A boat can travel 2.85 m/s in still water. If the boat points its bow directly across stream whose current is .95 m/s, what is the velocity of the boat relative to the shore?
x speed = .95
y speed = 2.85
speed magnitude = sqrt(.95^2 + 2.85^2)
= 3.00
tan angle to shore = 2.85/.95
A = 71.6 degrees from shoreline
To determine the velocity of the boat relative to the shore, we need to consider the effects of both the boat's speed in still water and the current of the stream. We can use the concept of vector addition to find the resultant velocity.
Let's denote the boat's speed in still water as v_still (2.85 m/s) and the current of the stream as v_current (0.95 m/s).
Since the boat is pointing its bow directly across the stream, the current acts perpendicular to the direction of motion. Thus, we can treat the velocity of the boat relative to the shore as the hypotenuse of a right triangle, with v_still as the base (horizontal component) and v_current as the perpendicular (vertical component).
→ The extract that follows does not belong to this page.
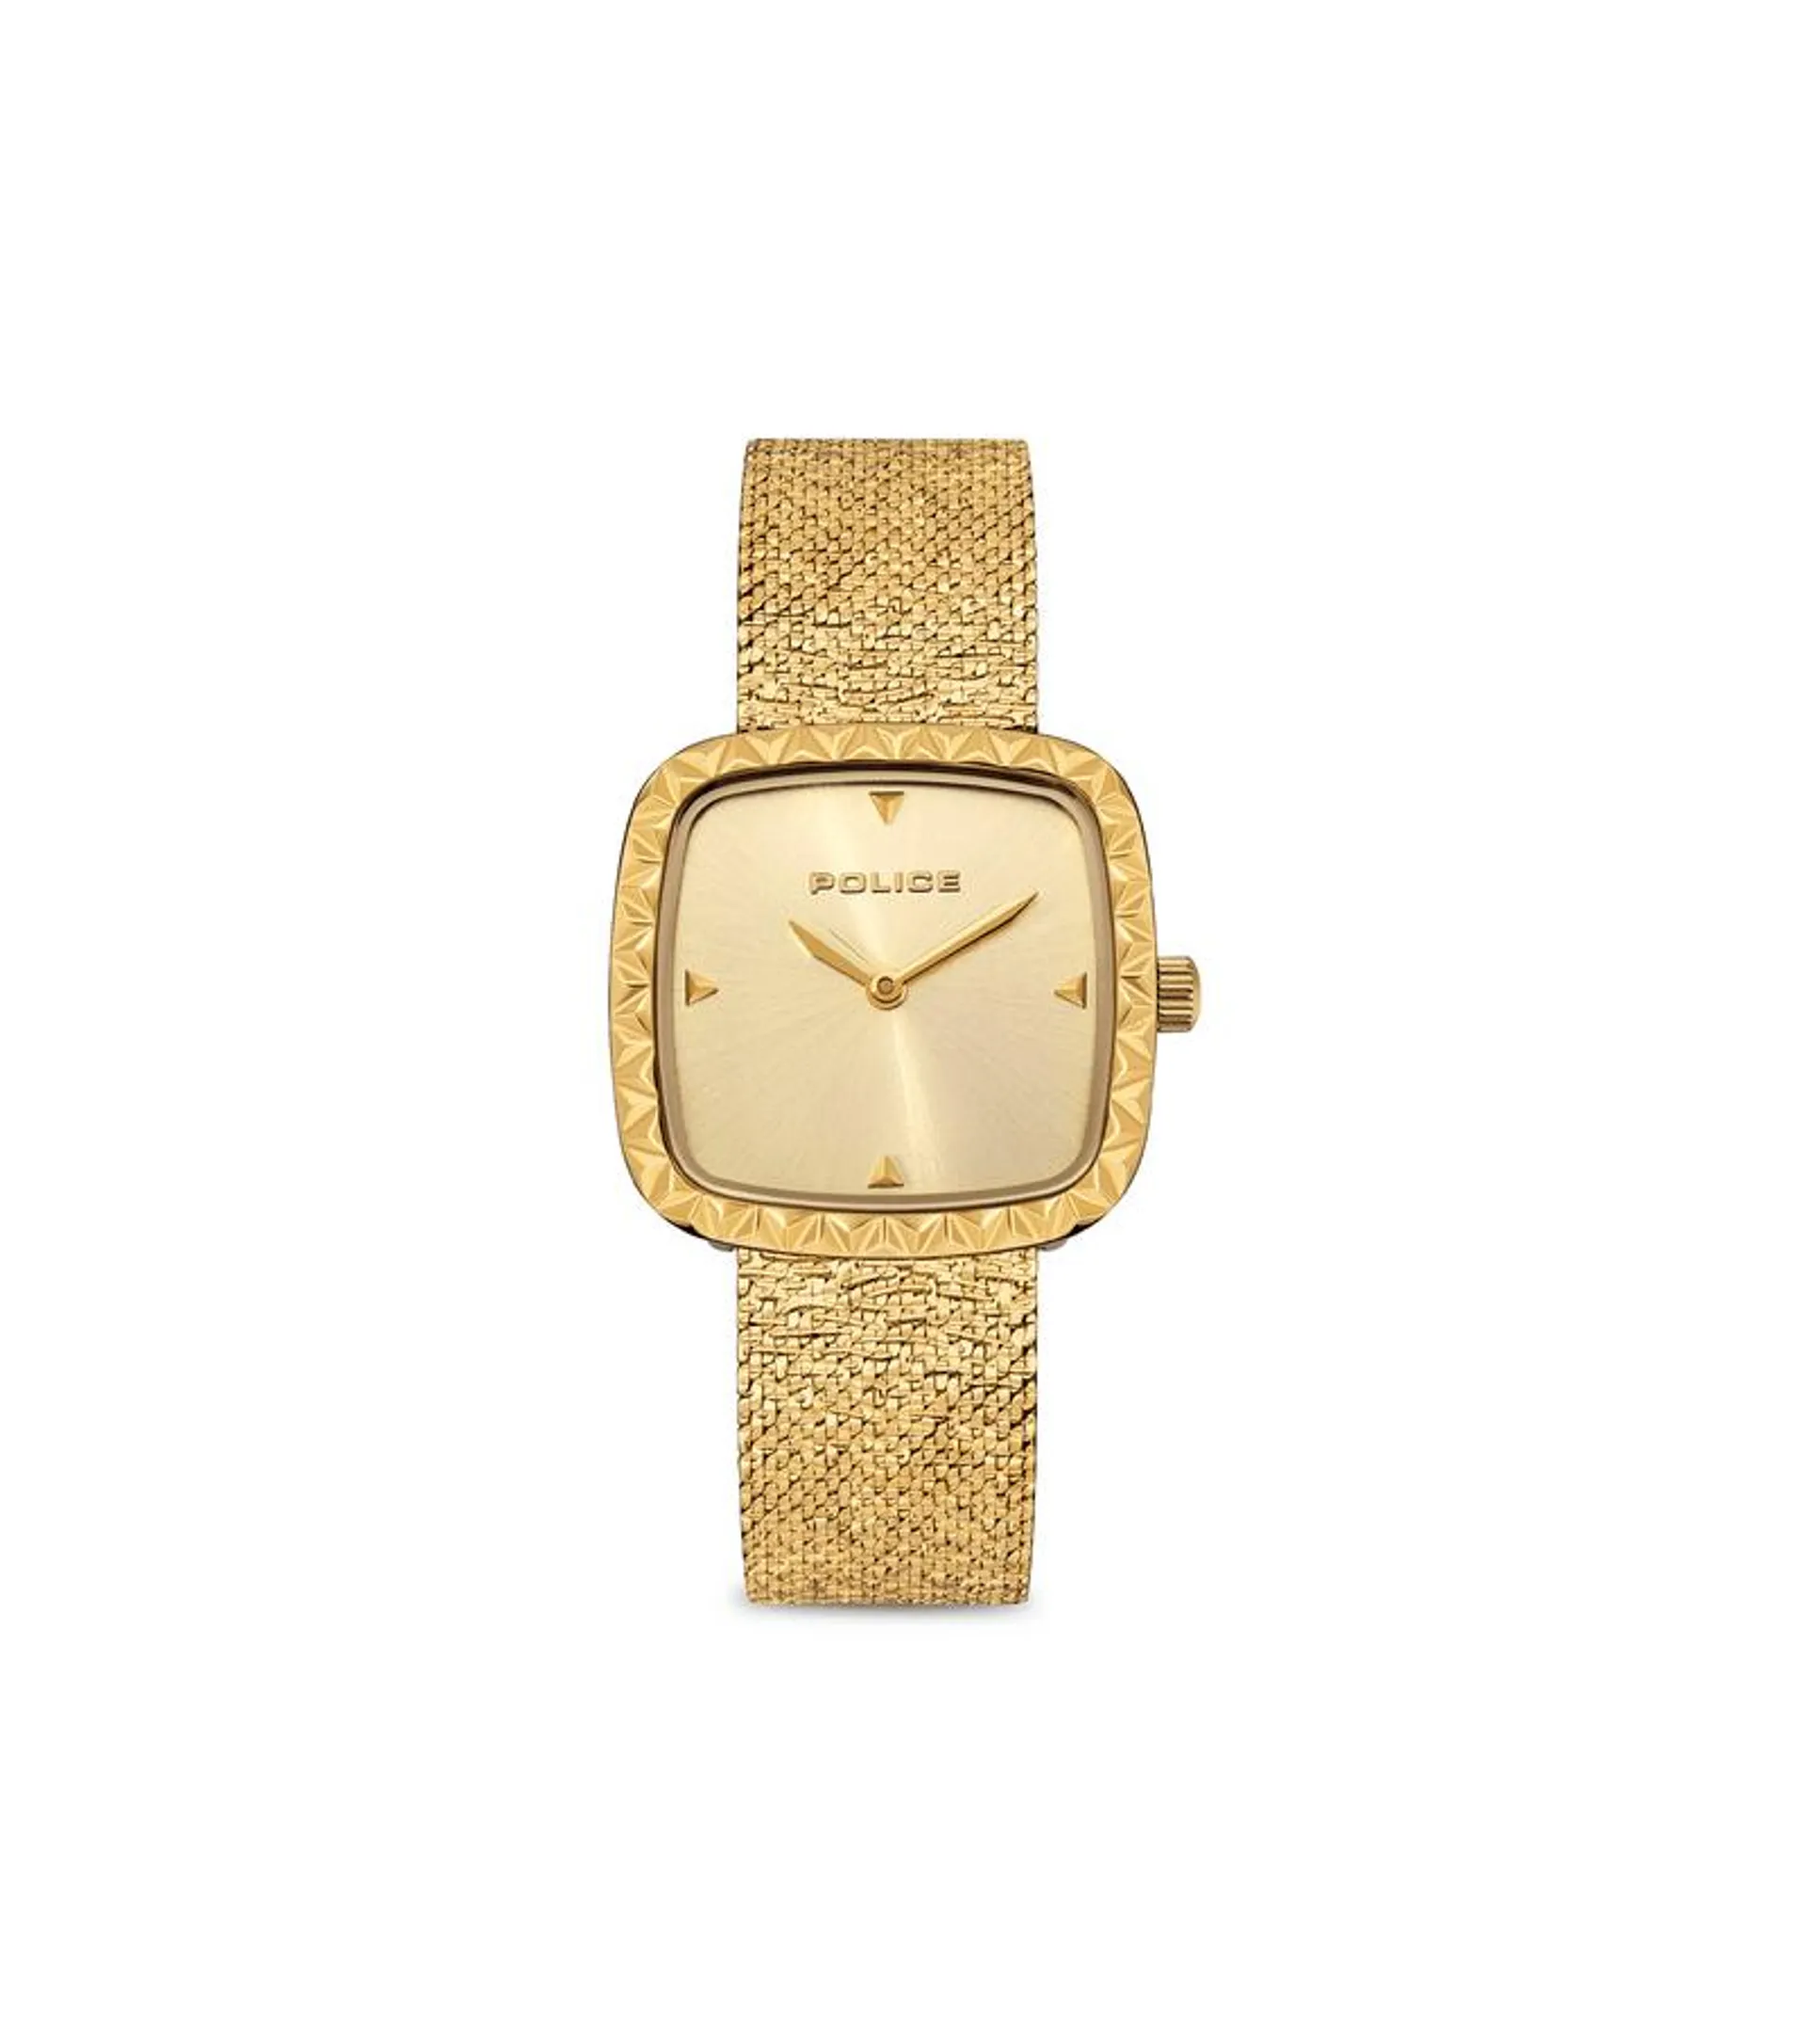 Glamour Square Watch By Police For Women

Using the Pythagorean theorem, we can calculate the magnitude of the boat's velocity relative to the shore:
v_shore = sqrt((v_still)^2 + (v_current)^2)
= sqrt((2.85 m/s)^2 + (0.95 m/s)^2)
= sqrt(8.1225 m^2/s^2 + 0.9025 m^2/s^2)
= sqrt(9.025 m^2/s^2)
≈ 3.00 m/s
Therefore, the velocity of the boat relative to the shore is approximately 3.00 m/s.